Editor's Note: 1) When will Congress make IRS employees pay all their outstanding non-paid taxes! 2) Issues as detailed below by Watchdog.org evidences another good reason for an option like the #FairTax.
by Eric Boehm | Watchdog.org: The overlords of the Internal Revenue Service already make it their business to dig through Americans' financial lives every year. Now Congress is considering limiting who taxpayers can turn to for help.
Thanks to a federal tax code that is endlessly confusing and frustrating, an estimated 80 percent of Americans needed assistance filling out their returns this year.
But citing a need to crack down on fraud, two Republican members of Congress have proposed a new licensing system for tax preparers. If passed, it likely would put more small tax preparers out of business and help big companies that profit off the complexities of the U.S. tax code.
Under the legislation authored by Reps. Diane Black, R-Tennessee, and Pat Meehan, R-Pennsylvania, tax preparers would have to register with the IRS, submit to a background check, pass an exam and complete continuing education classes each year.
The two lawmakers say the licensing rules are intended to cut down on $15 billion in improper earned income tax credits handed out in 2013.
Critics say the proposal is a case of government making worse a problem government created to begin with.
"With a tax code so unwieldy and complicated that nearly every American needs help complying, how would regulating preparers make things easier? It won't," says Chris Koopman, a research fellow at the Mercatus Center, a free-market think tank. "The problems with tax compliance have little to do with who is preparing returns. Making it more difficult for individuals to get the assistance they need will help no one."

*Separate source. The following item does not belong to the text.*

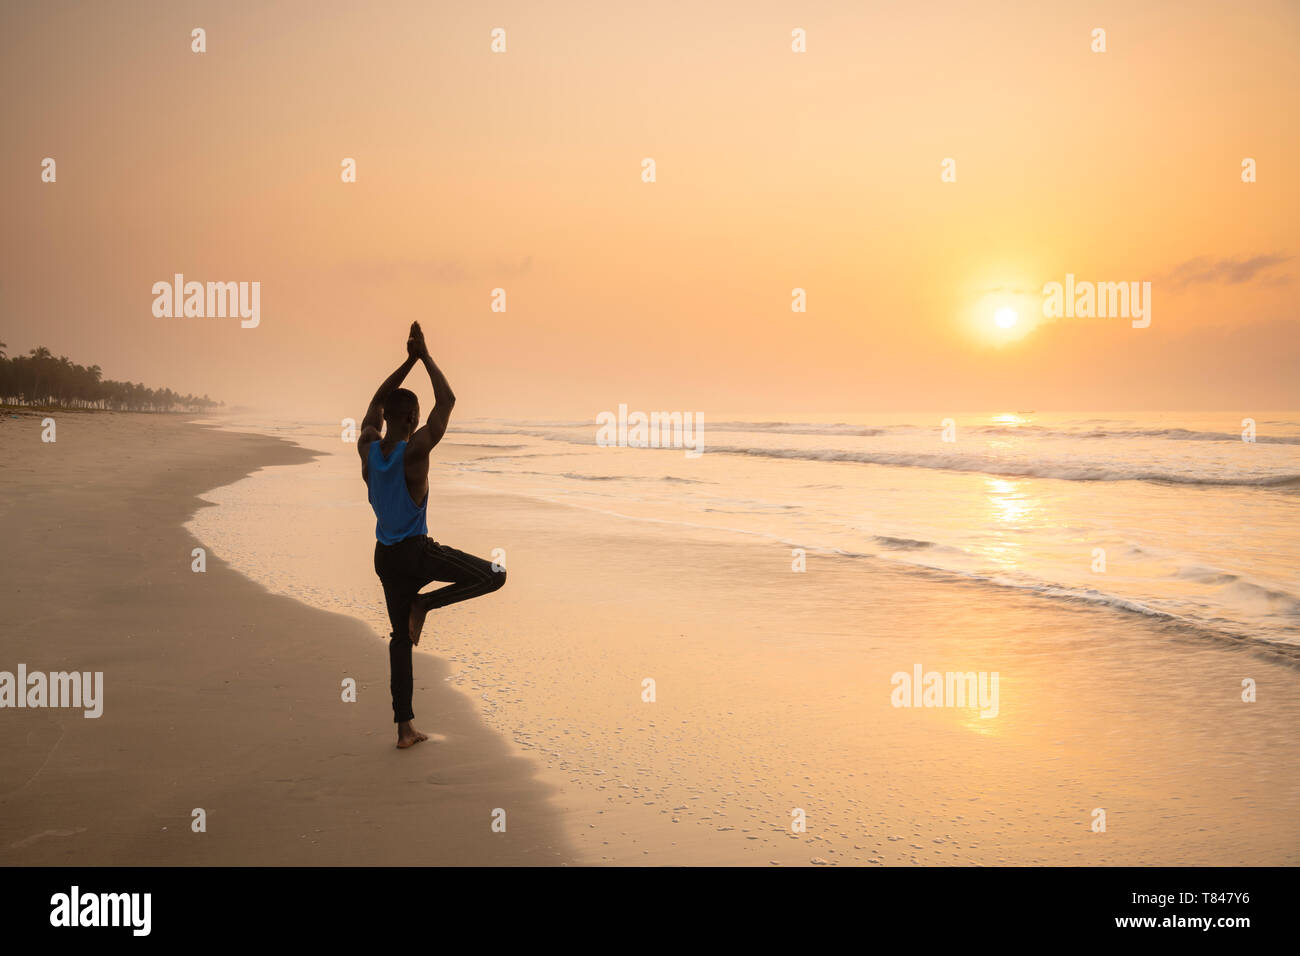 Man practising yoga on beach Stock Photo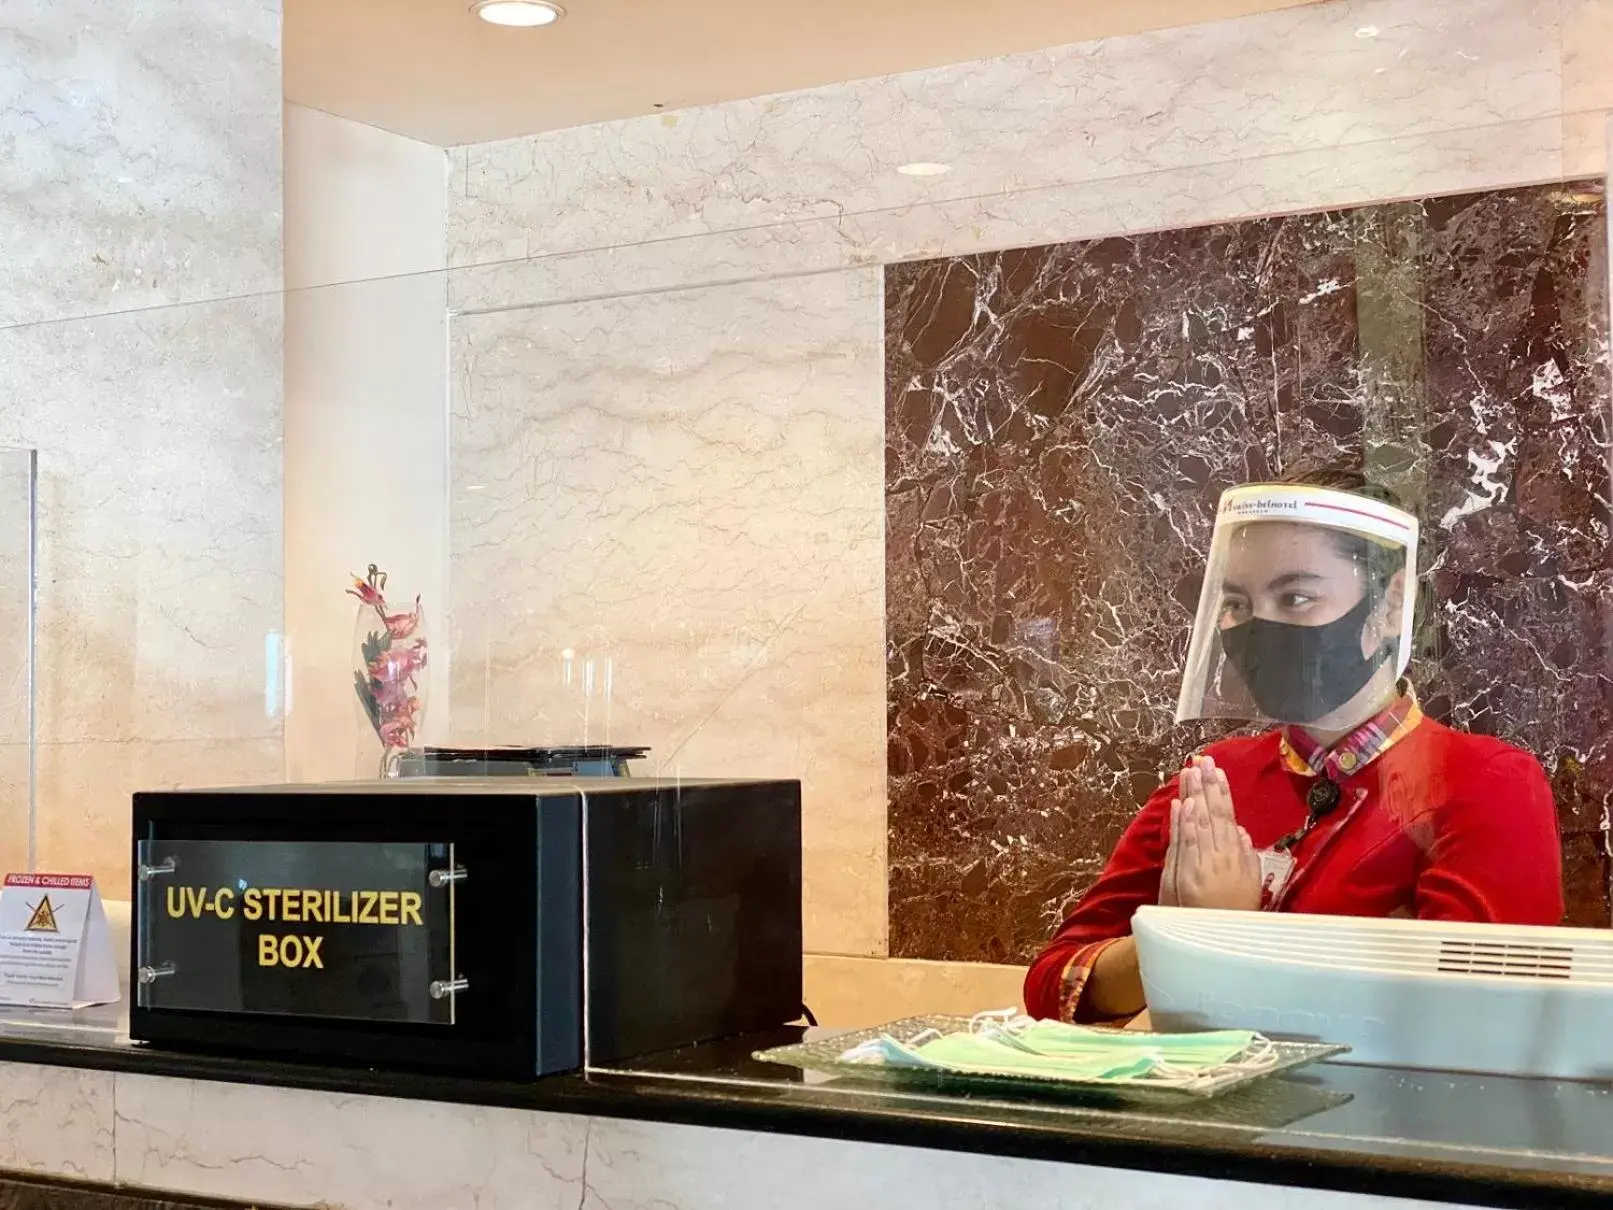 Lobby or reception in Swiss-Belhotel Makassar

Well, that's not entirely true. It will help one specific group: the companies that make their money during tax season, like H&R Block, Jackson Hewitt (which owns the Turbo Tax software brand) and CPAs. As the Wall Street Journal reported, the professional tax preparing industry is cheering for the new licensing rules because they would reduce competition and force taxpayers to use their services.
Isn't that just grand? Businesses that exist solely because of the complexity of the federal tax code (in other words, businesses that wouldn't exist if it wasn't for the federal government's interest in every aspect of your financial life) are lobbying for the federal government to create even more rules so they can make even more money off taxpayers.
And in some cases, they're not just lobbying for the new rules – they're actually writing them.
A former CEO of H&R Block, Mark Earnst, oversaw the creation of a licensing system in 2010 while he was deputy commissioner of the IRS. The new rules proposed by Black and Meehan would raise the bar even higher.
And we already know what happens when these types of restrictions are put in place. The people who get hurt are the small-time tax preparers. People like Elmer Kilian, an 81 year old resident of Eagle, Wisconsin, who does his neighbors' tax returns every year for a small fee.
After the IRS pushed through its licensing rules in 2010, the number of tax preparers in the country declined by an estimated 200,000. According to data from the Institute for Justice, it was mostly small tax preparers who were driven out the market, while large companies such as H&R Block got a bigger share of business in the years that followed.
The other loser, as is so often the case with licensing schemes: consumers.
"Licensing reduces competition in the tax preparation market, which is bad for consumers," Dan Alban, an attorney with the Institute for Justice, recently told the Senate Finance Committee. "Between reduced competition and increased regulatory compliance costs, licensing is expected to artificially drive up the prices consumers pay for tax preparation."
The Nanny State isn't always about telling you what is illegal and what is mandatory. Sometimes it's about changing the rules, ever so slightly, to help the powerful (or at least those who make their money by helping the powerful avoid paying taxes) at the expense of everyone else.
Tax preparers such as H&R Block and TurboTax are facilitating the Nanny State by their very existence. In return, the Nanny State helps keep them in business.